Collected data:
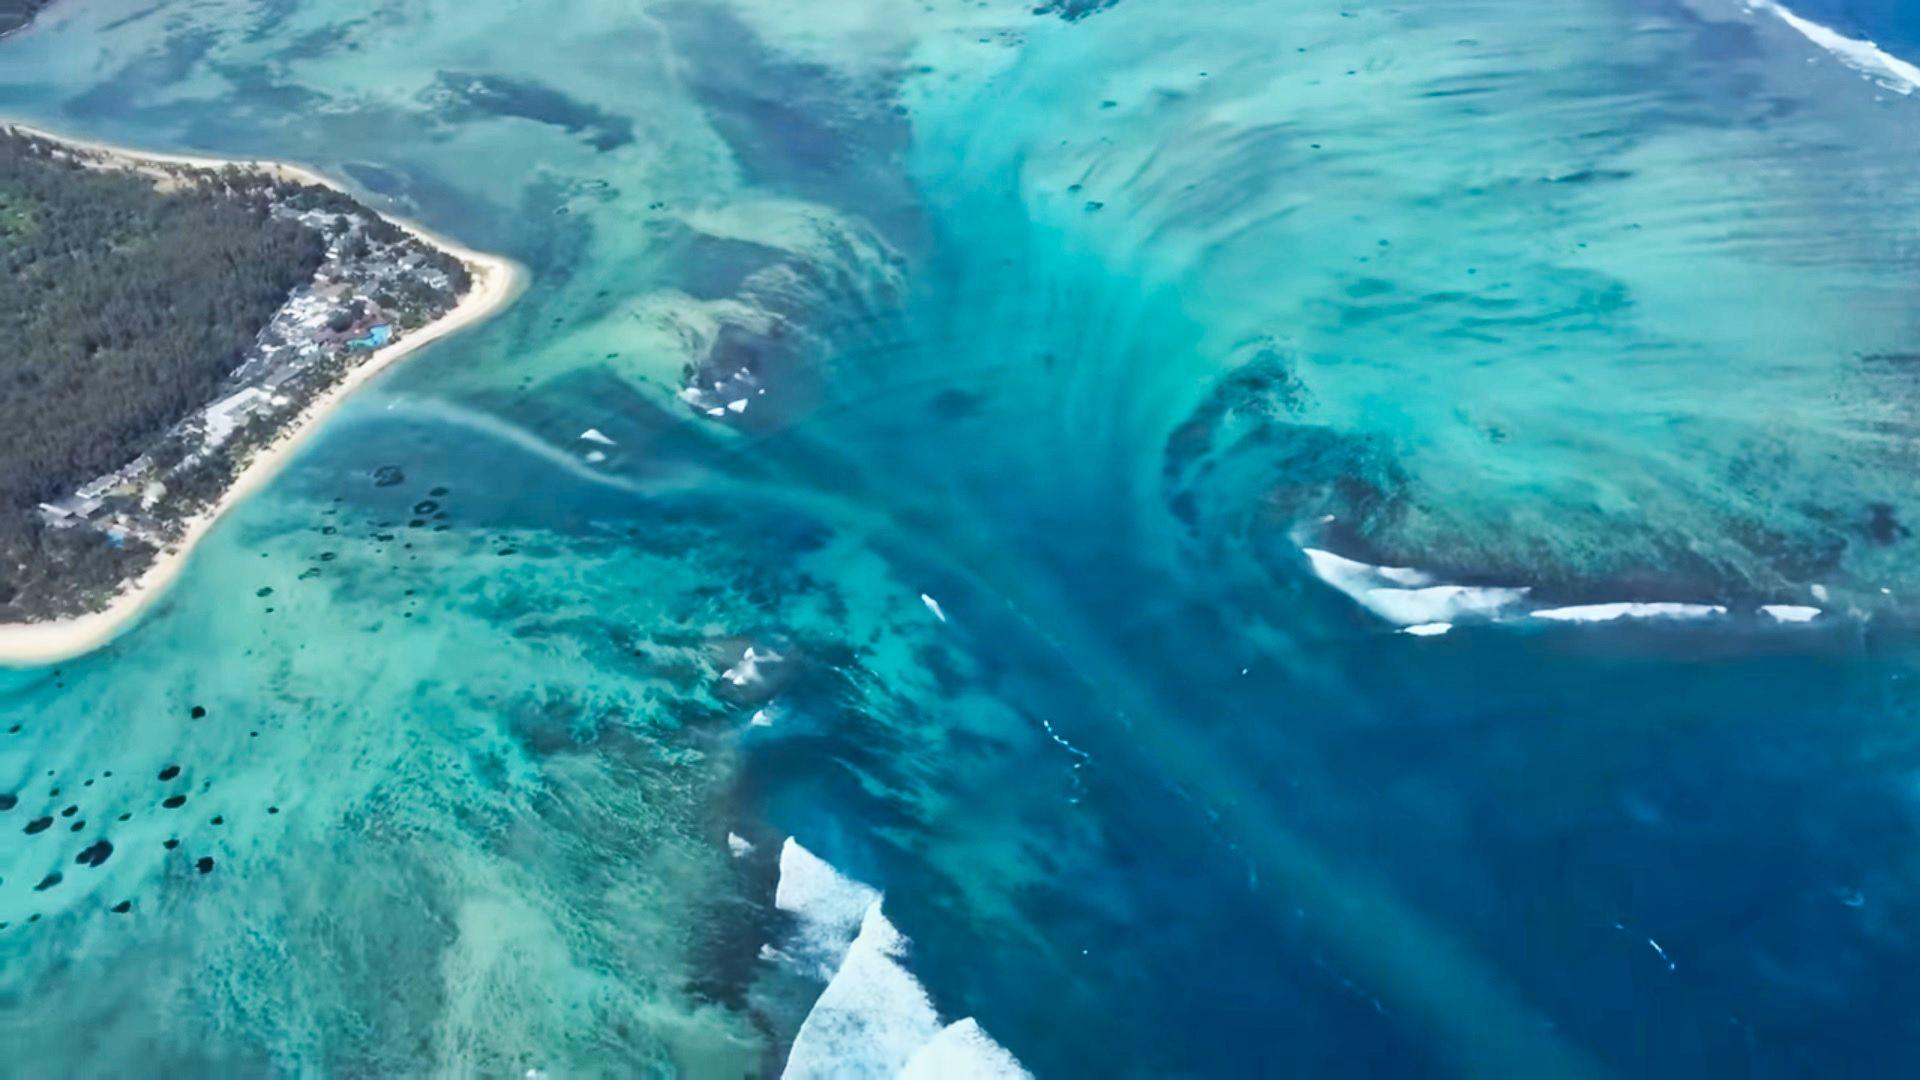 Las cataratas más grandes del mundo están bajo el agua
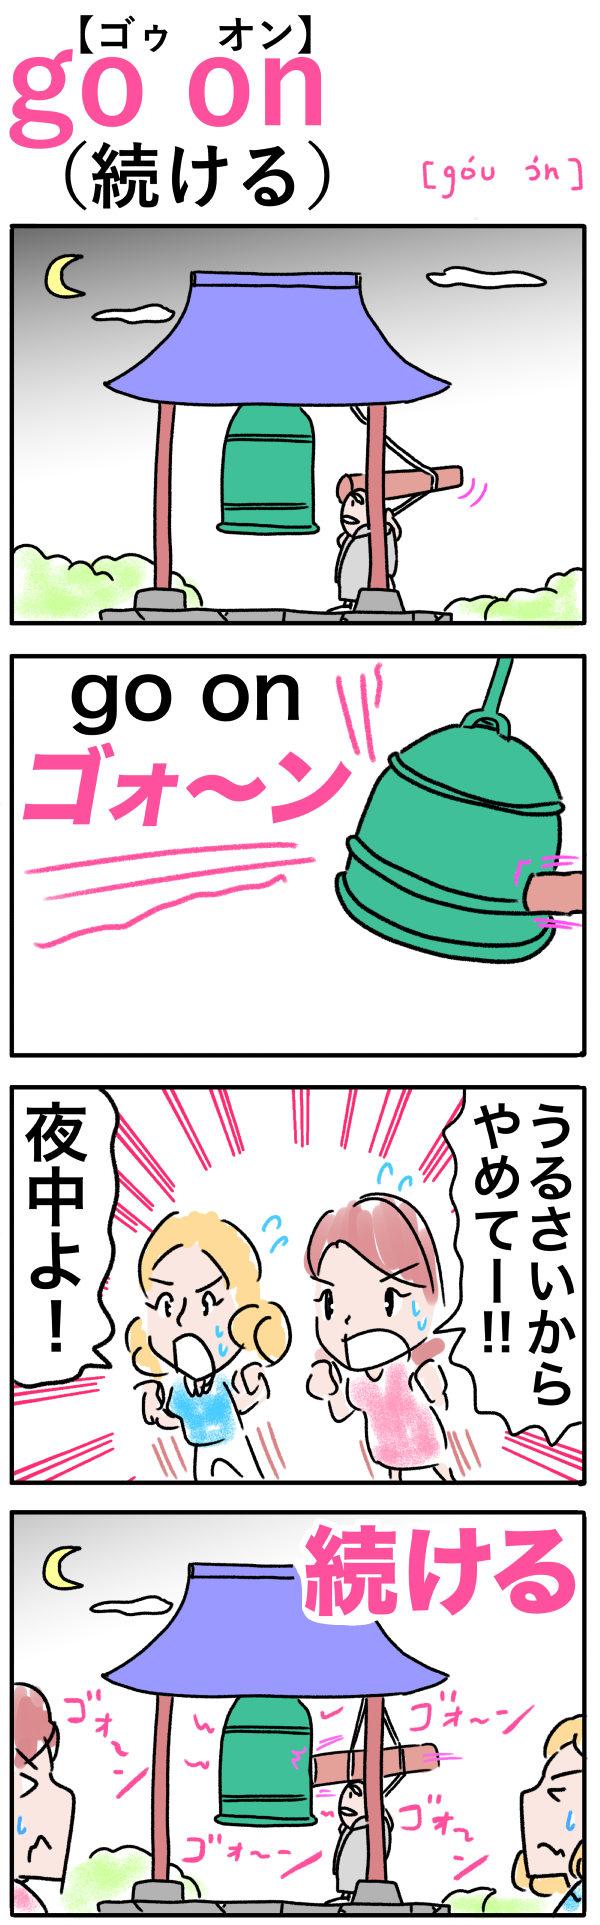 go on(続ける)の語呂合わせ英単語
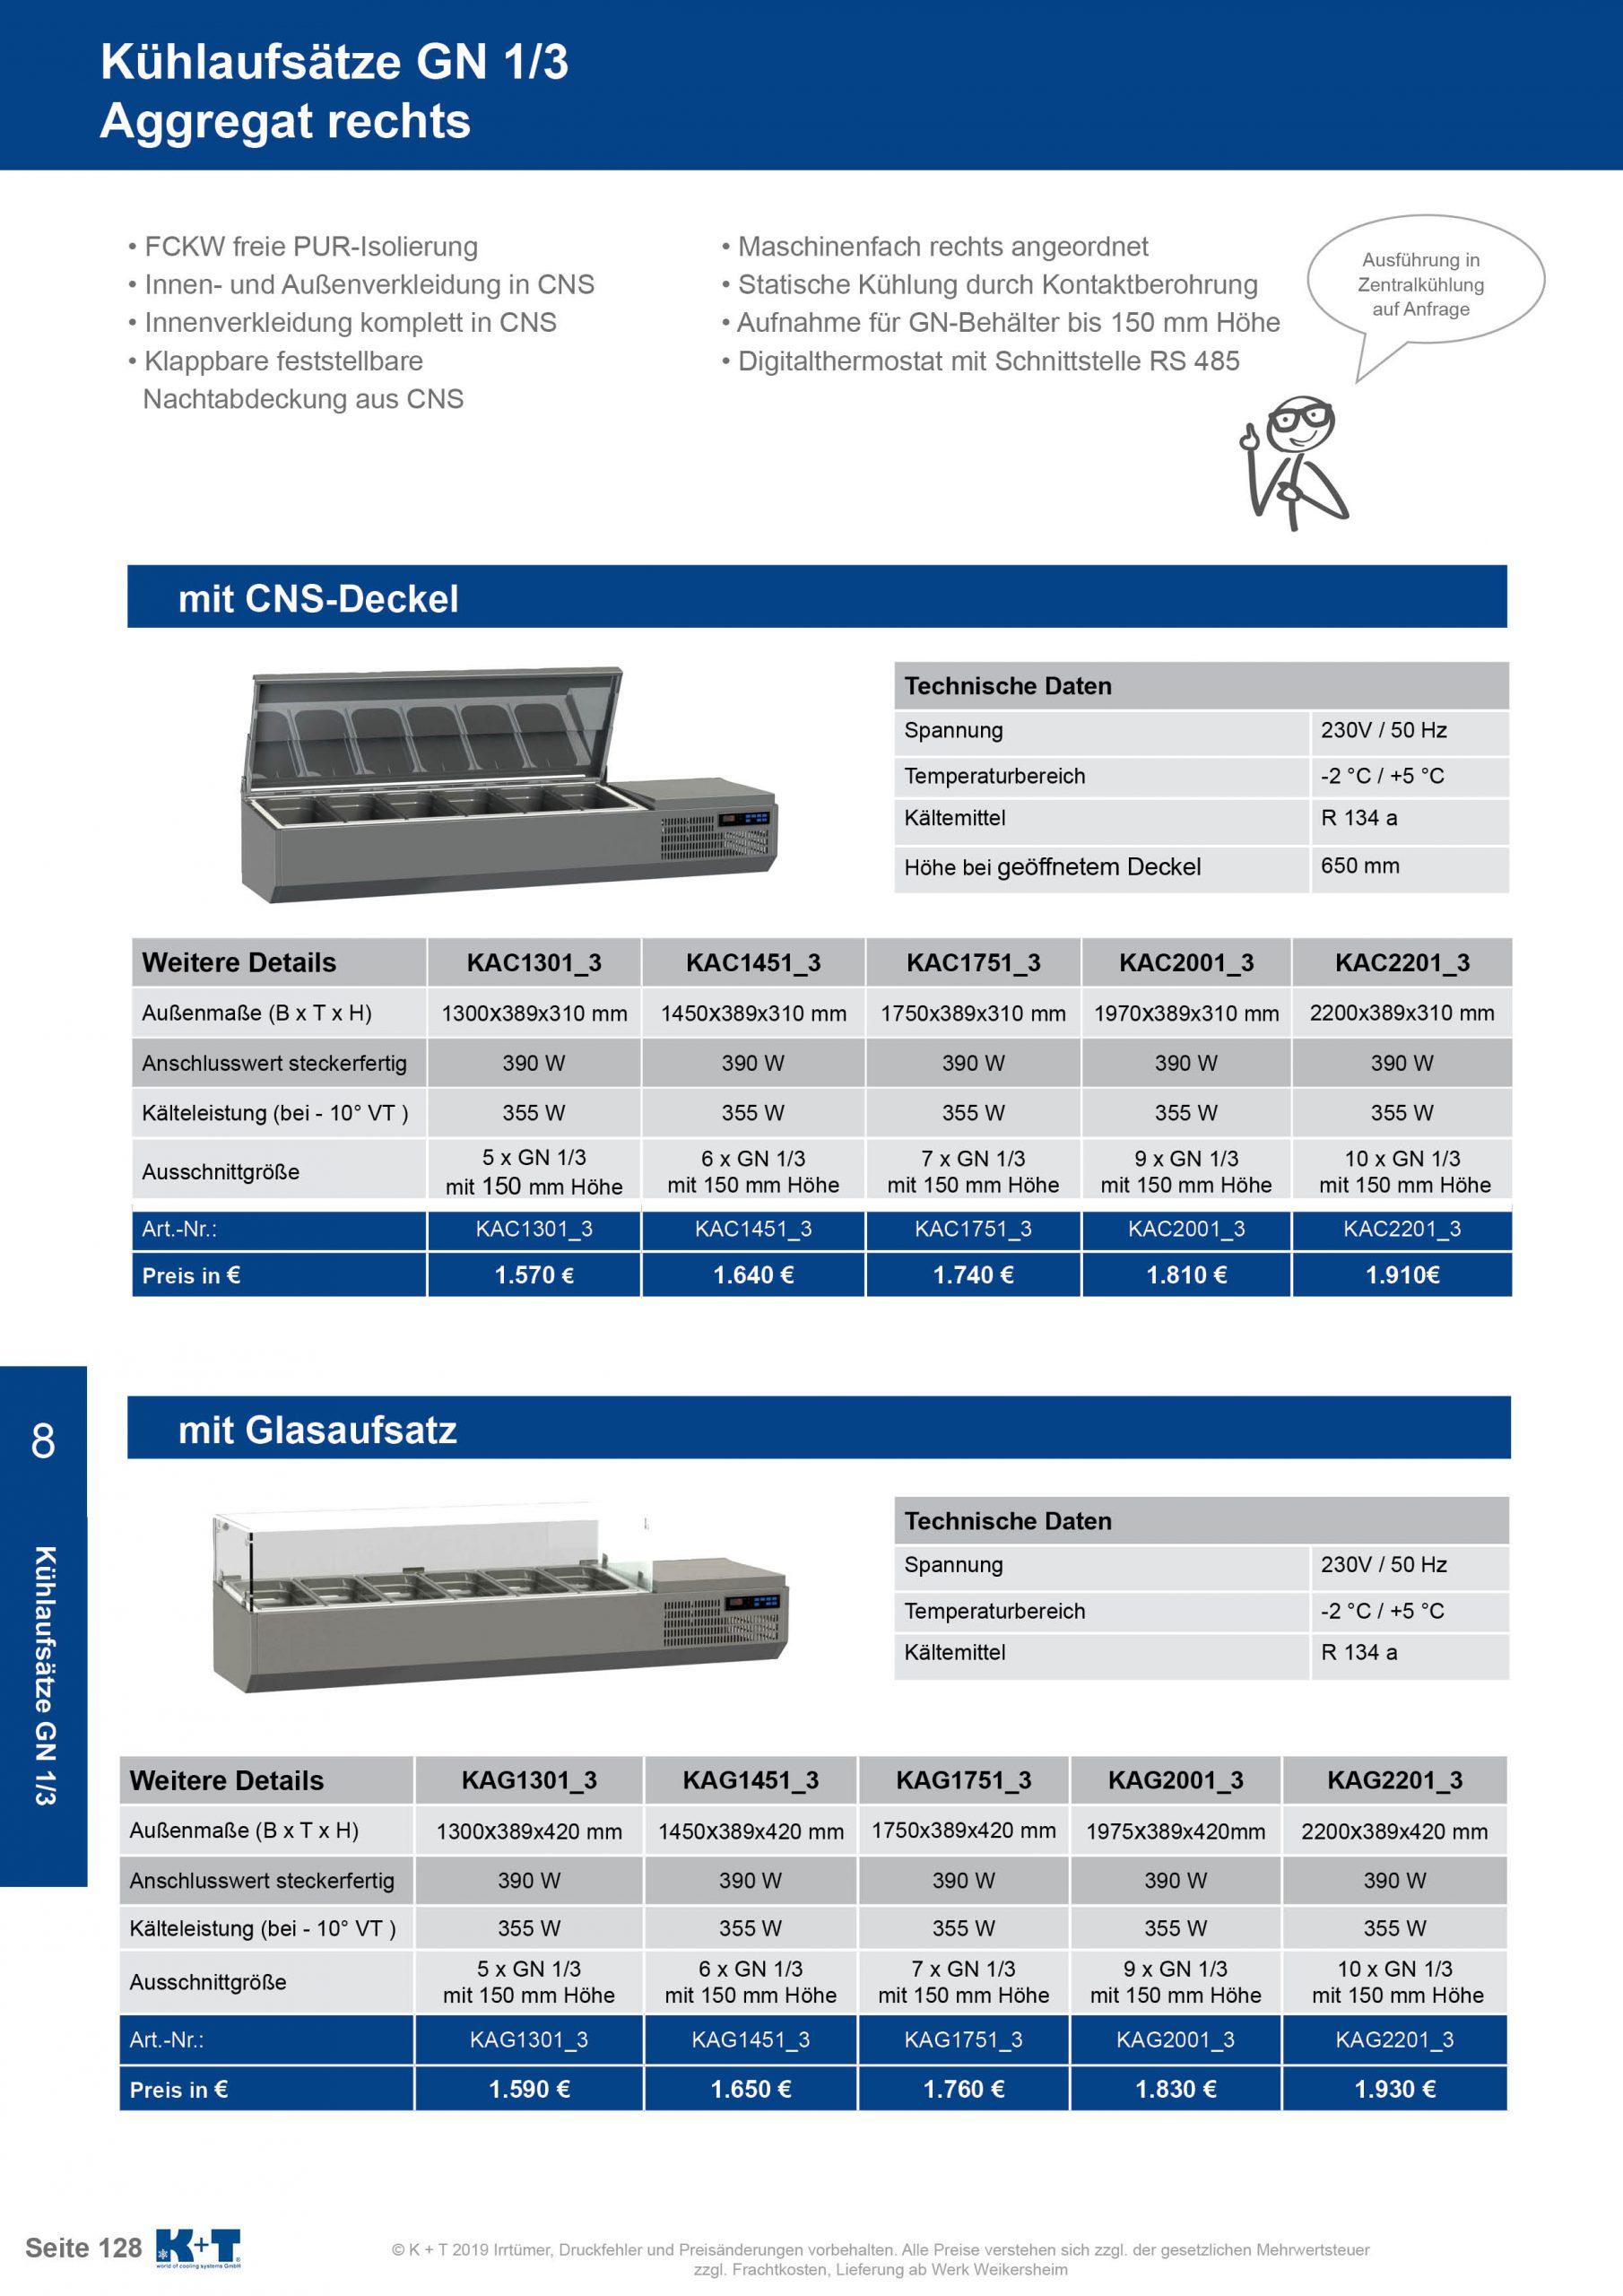 Kühlaufsätze GN 1_3 Aggregat rechts

Task details: Could you give the material above again, exactly and without its pictures?

Response for this exercise:
 Las cataratas más grandes del mundo están bajo el agua
 go on(続ける)の語呂合わせ英単語
 Kühlaufsätze GN 1_3 Aggregat rechts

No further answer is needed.